#### DATA TO USE ####

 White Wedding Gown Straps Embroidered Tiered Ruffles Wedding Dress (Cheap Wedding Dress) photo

####
#### DATA TO USE ####

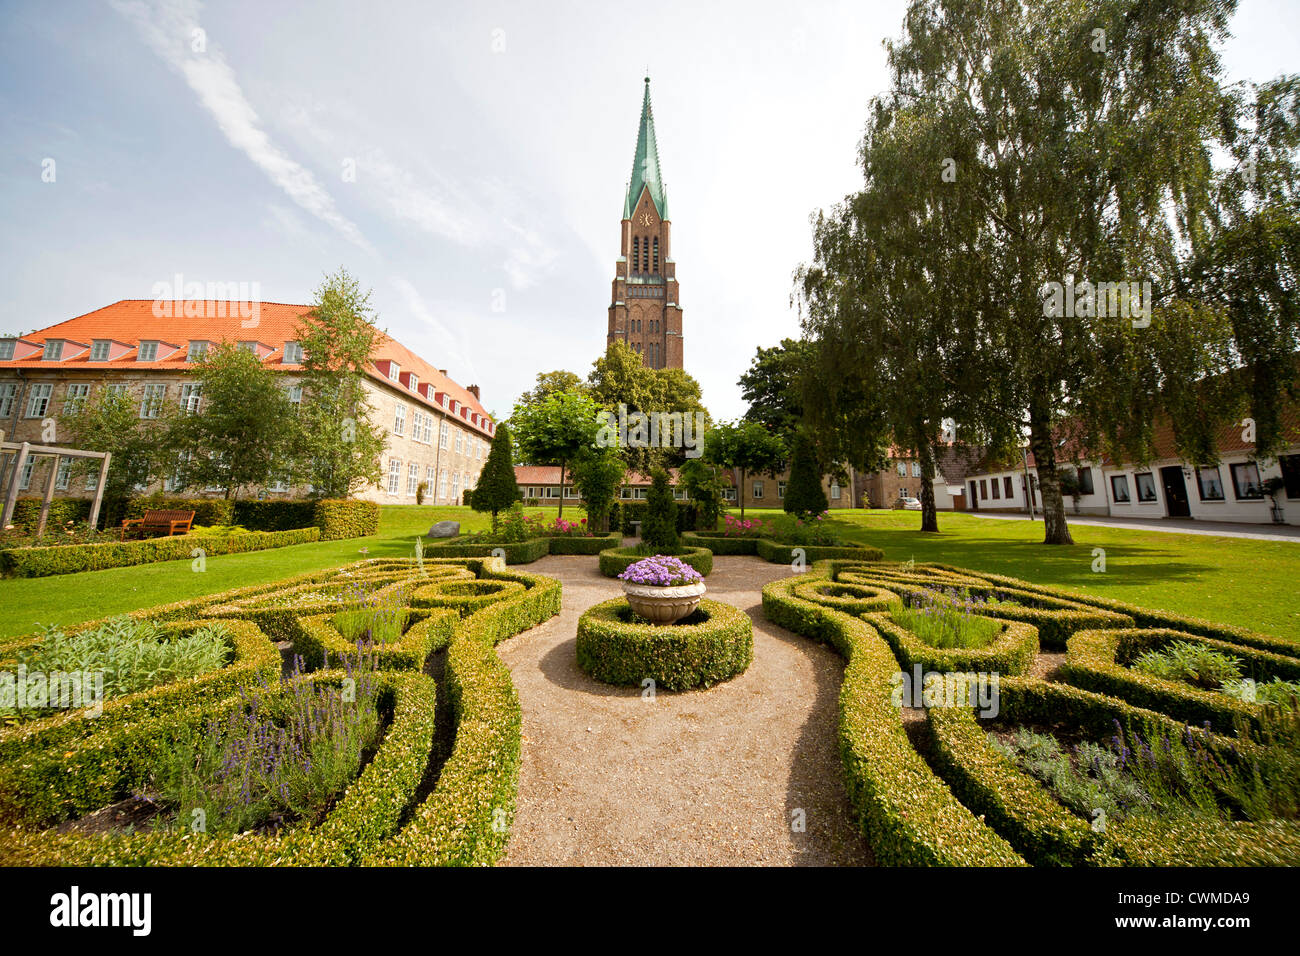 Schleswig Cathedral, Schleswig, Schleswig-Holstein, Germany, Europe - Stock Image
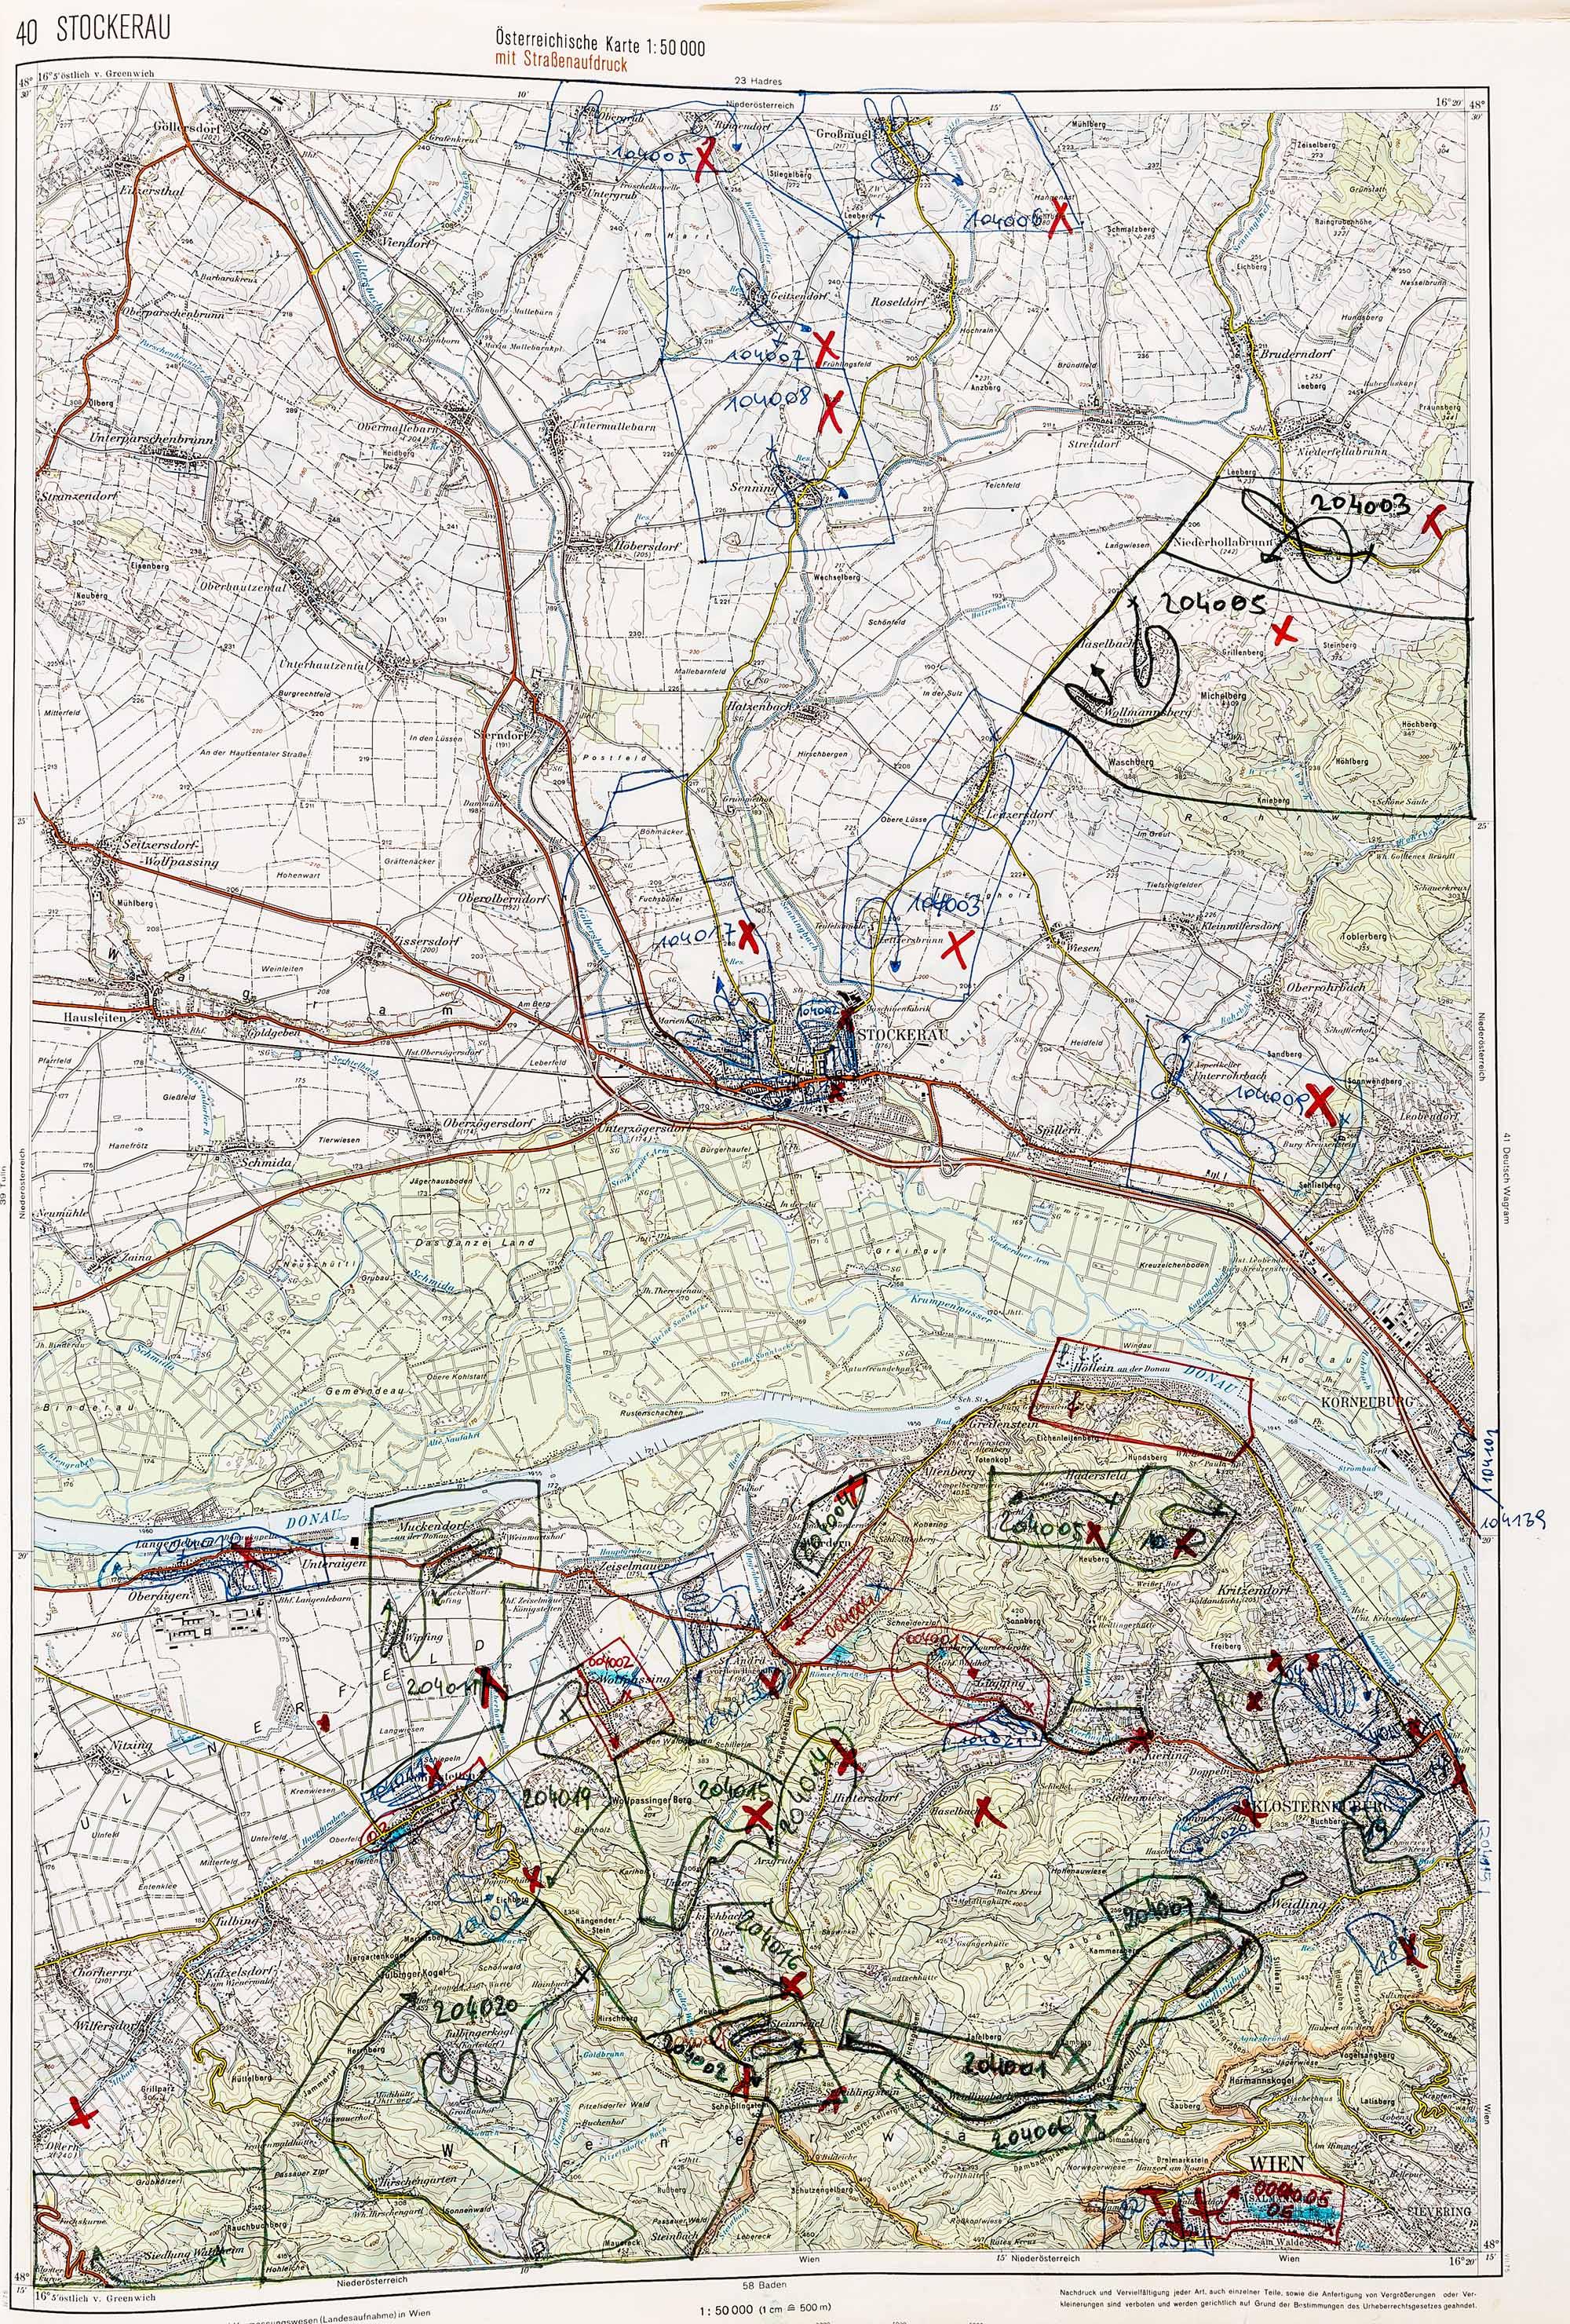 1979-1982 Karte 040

####
#### DATA TO USE ####

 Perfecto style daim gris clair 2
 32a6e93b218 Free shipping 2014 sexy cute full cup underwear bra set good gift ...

####

Which part of the entries opens with the line containing "- Stock Image" and closes with the line containing "1979-1982 Karte 040"? Output that part exactly, ends included, pictures excluded.

TASK RESPONSE:
 Schleswig Cathedral, Schleswig, Schleswig-Holstein, Germany, Europe - Stock Image
 1979-1982 Karte 040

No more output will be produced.